→ WHAT IS REQUIRED
Output nothing except the lines from the one containing "INTERNAL CONNECTOR AND" through the final line of the data, both included, typed exactly, minus the pictures.

→ RECORDED DATA
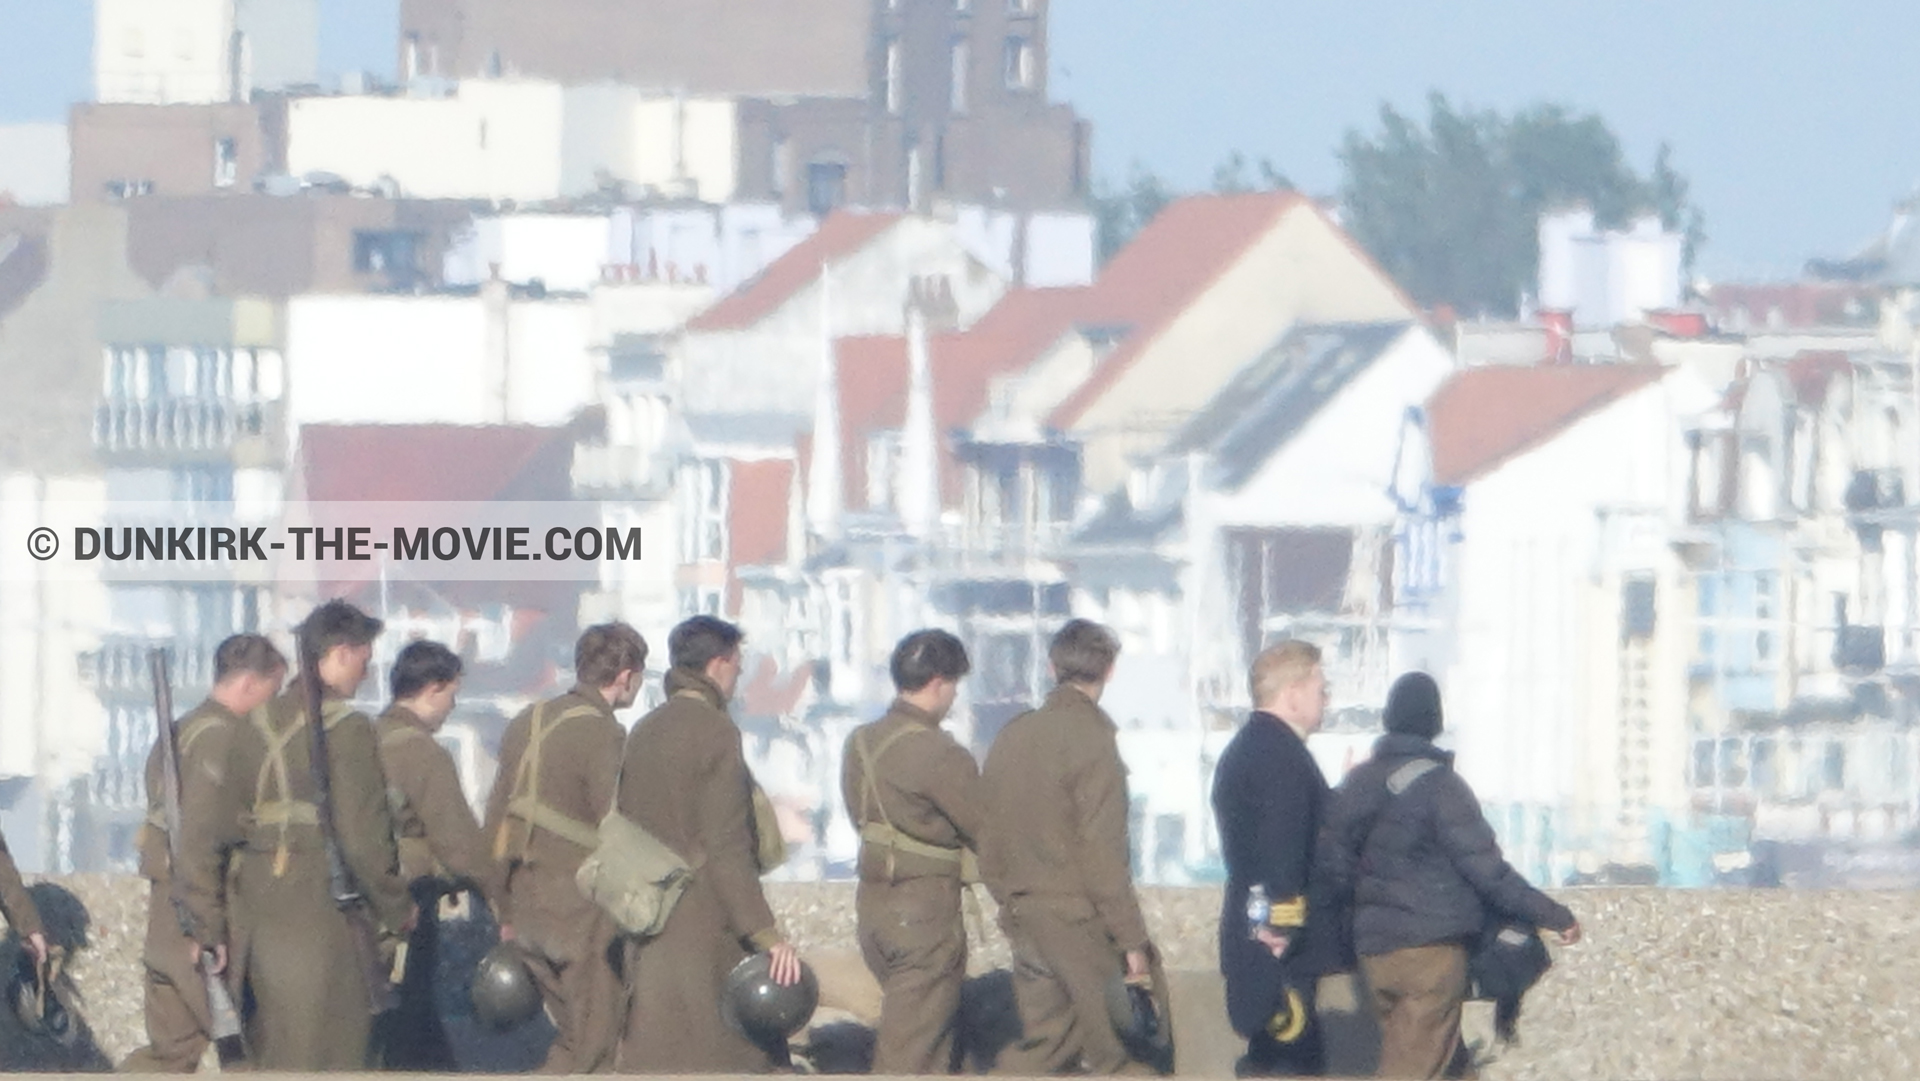 Picture with supernumeraries, EST pier, Kenneth Branagh, Malo les Bains,  from behind the scene of the Dunkirk movie by Nolan
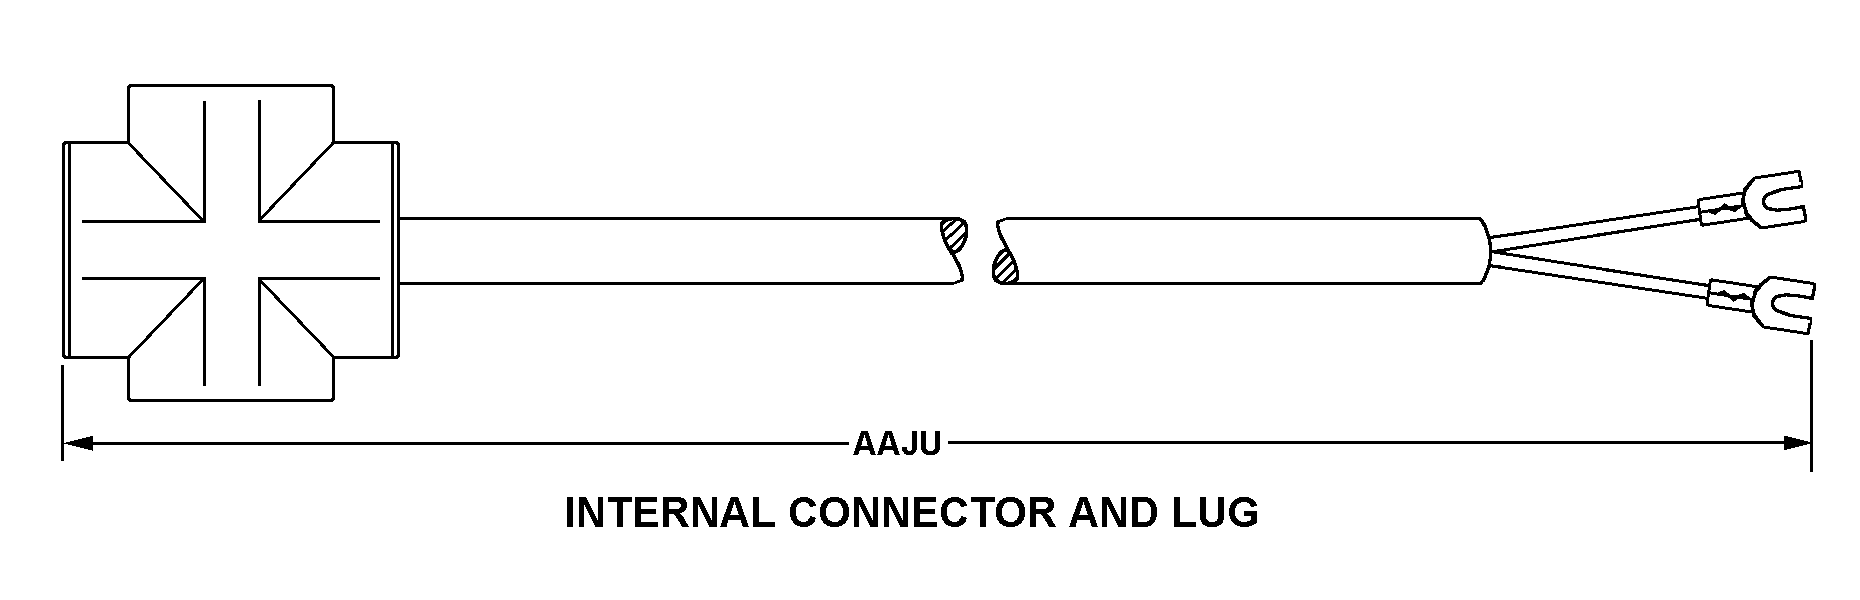 INTERNAL CONNECTOR AND LUG style nsn 5995-01-029-1112
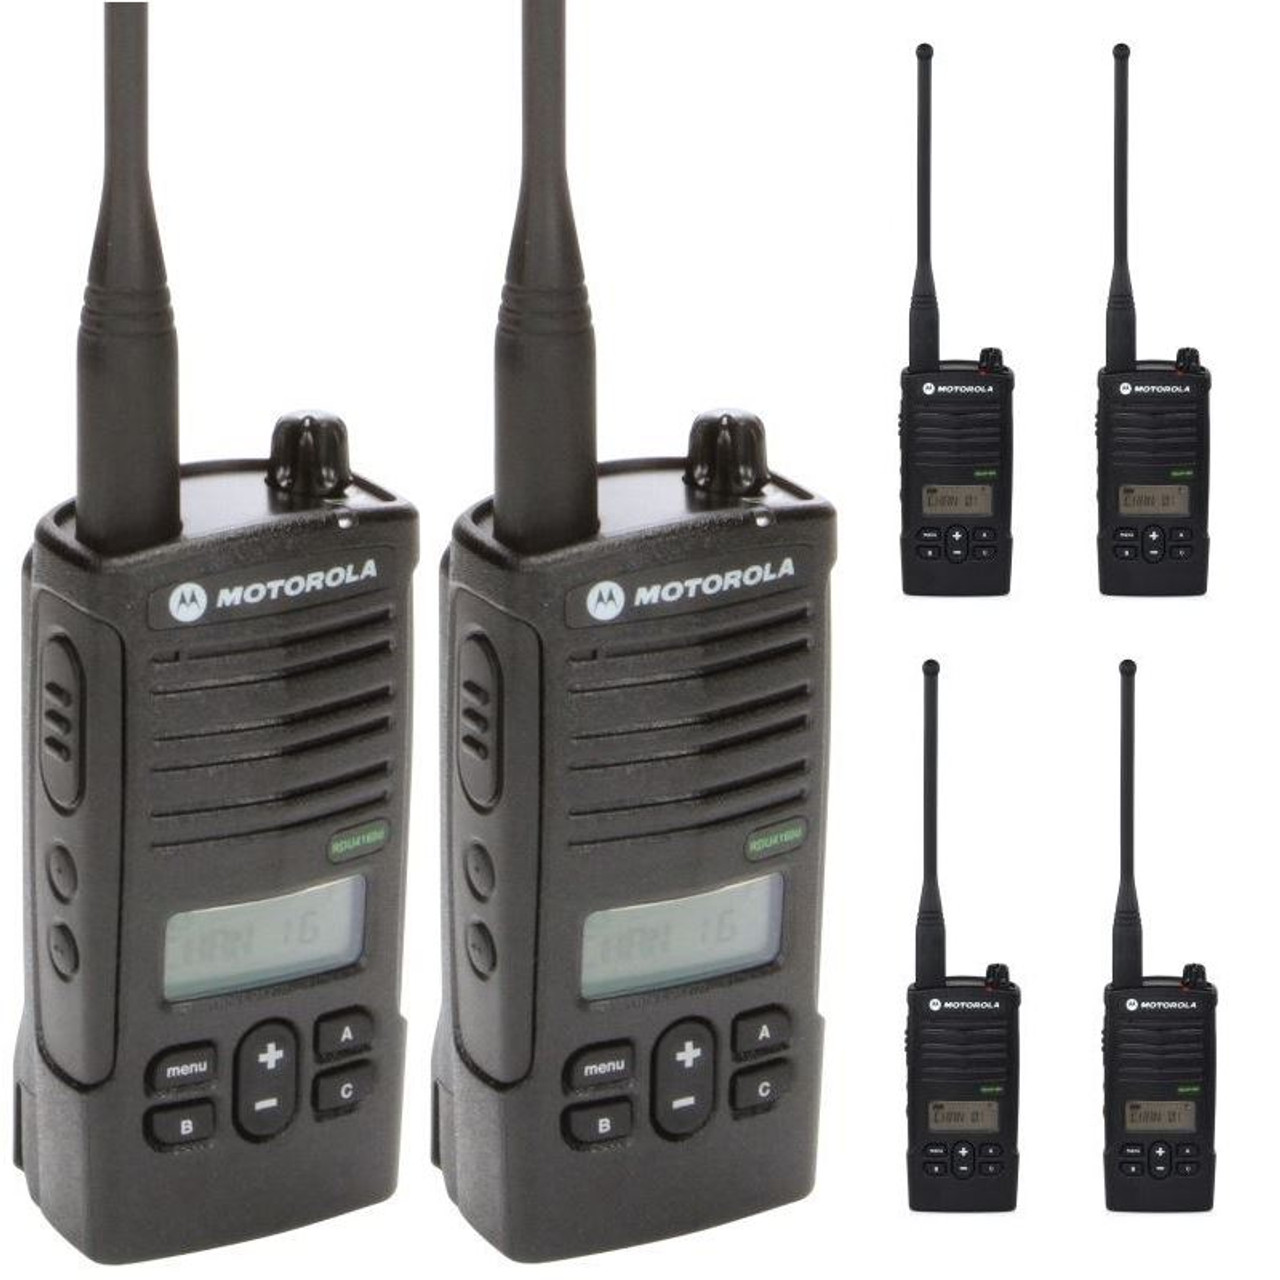 Six Pack of Motorola RDU4160D radios will give you an easy to read Display  and is Watts. This radios is a workhorse and gets the job done. Perfect  for construction sites,

→ OUTPUT FOR THIS EXERCISE
 INTERNAL CONNECTOR AND LUG style nsn 5995-01-029-1112
 Six Pack of Motorola RDU4160D radios will give you an easy to read Display  and is Watts. This radios is a workhorse and gets the job done. Perfect  for construction sites,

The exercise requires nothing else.